Plus tard, Brooks apparaît comme un chef indien parlant le yiddish (un gag, écrit le biographe de Brooks, Jeremy Dauber, qui suggère une « sorte de solidarité raciale »). Et en parlant de yiddish, la séductrice allemande zozotée jouée par l’actrice juive et vivace de Brooks Madeline Kahn s’appelait « Lili Von Shtupp » – son nom de famille en argot yiddish pour son activité préférée.

« Je pense que ce que Brooks aurait pu faire avec les éléments noirs et juifs, c’était d’insérer des personnages qui avaient traditionnellement été effacés du western hollywoodien », a déclaré Doherty.

En tant qu’acteur juif, surtout connu à l’époque pour ses comédies et son rôle-titre dans « Willy Wonka & the Chocolate Factory », Wilder était un choix contre-intuitif pour incarner un cow-boy alcoolique devenu fou. Selon ses mémoires, Brooks avait en fait approché John Wayne pour jouer le rôle de Waco Kid. Alors que la légende du film de cow-boy était intéressée, il a déclaré au réalisateur : « Je ne peux pas le faire, c’est trop sale. Mes fans accepteront presque tout, mais ils ne se saliront pas », même s’il a juré qu’il serait « le premier à le voir ».

Avec Wilder dans le rôle, Brooks avait non seulement déjoué les attentes du cliché du flingueur, mais avait également créé avec Little et Wilder une alliance de deux hommes noirs et juifs.

Ce grand anniversaire arrive à un moment mouvementé pour Brooks qui, à 97 ans, a survécu à presque toutes les autres personnes impliquées dans le film. (Deux des scénaristes, Andrew Bergman et Alan Uger, sont également toujours en vie, tout comme l’acteur Burton Gilliam, qui incarnait Lyle, l’un des hommes de main de Taggert.) Brooks a reçu un Oscar d’honneur en janvier, pour accompagner l’Oscar du meilleur film original. Scénario qu’il a gagné pour « The Producers » en 1969.

« Blazing Saddles » sera réédité pour deux nuits par Fathom Events en septembre pour marquer cet anniversaire.
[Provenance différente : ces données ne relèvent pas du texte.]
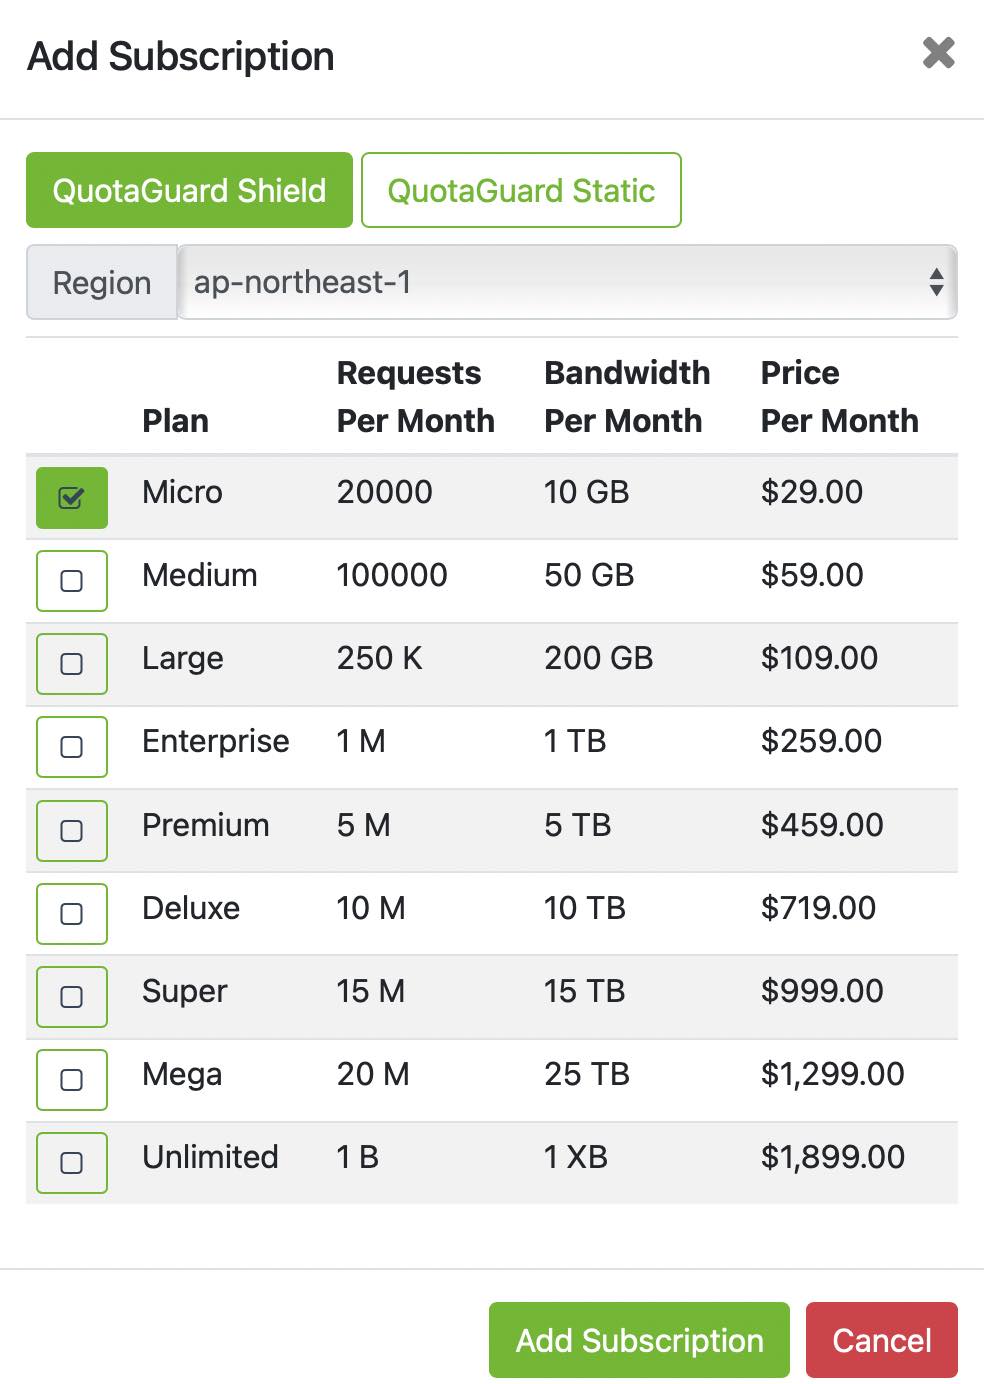 Add Subscription options for region and plan

Et en mars, le nouveau documentaire « Remembering Gene Wilder » devrait sortir à New York et à Los Angeles, et d’autres villes suivront. Le film sur Wilder, qui a été projeté sur le circuit des festivals de films juifs l’année dernière, comporte un segment qui raconte l’histoire de « Blazing Saddles », avec de nombreux commentaires de Brooks.

Ces dernières années, on a souvent dit que les attitudes modernes finiraient par conduire à l’annulation de « Blazing Saddles ». Mais cela ne s’est jamais concrétisé. (Le réseau Max, au grand dam de certains téléspectateurs, a diffusé le film avec une introduction de l’animatrice de TCM Jacqueline Stewart, plaçant le langage et les thèmes du film dans le contexte de l’époque. « Blazing Saddles » reste disponible sur Max, Netflix et Paramount+. , ainsi que les chaînes VOD.)

Brooks est également presque universellement considéré comme une légende vivante bien-aimée, un lien avec un héritage de divertissement qui s’étend de la ceinture du bortsch à Hollywood en passant par la scène de Broadway. Pas moins que Barack Obama a donné à Brooks et à « Blazing Saddles » son sceau d’approbation présidentielle, en remettant au réalisateur la Médaille nationale des arts 2015 et en se disant « ravi de l’image » pour avoir suggéré qu’il était possible pour un Un homme de loi noir sera nommé aux commandes.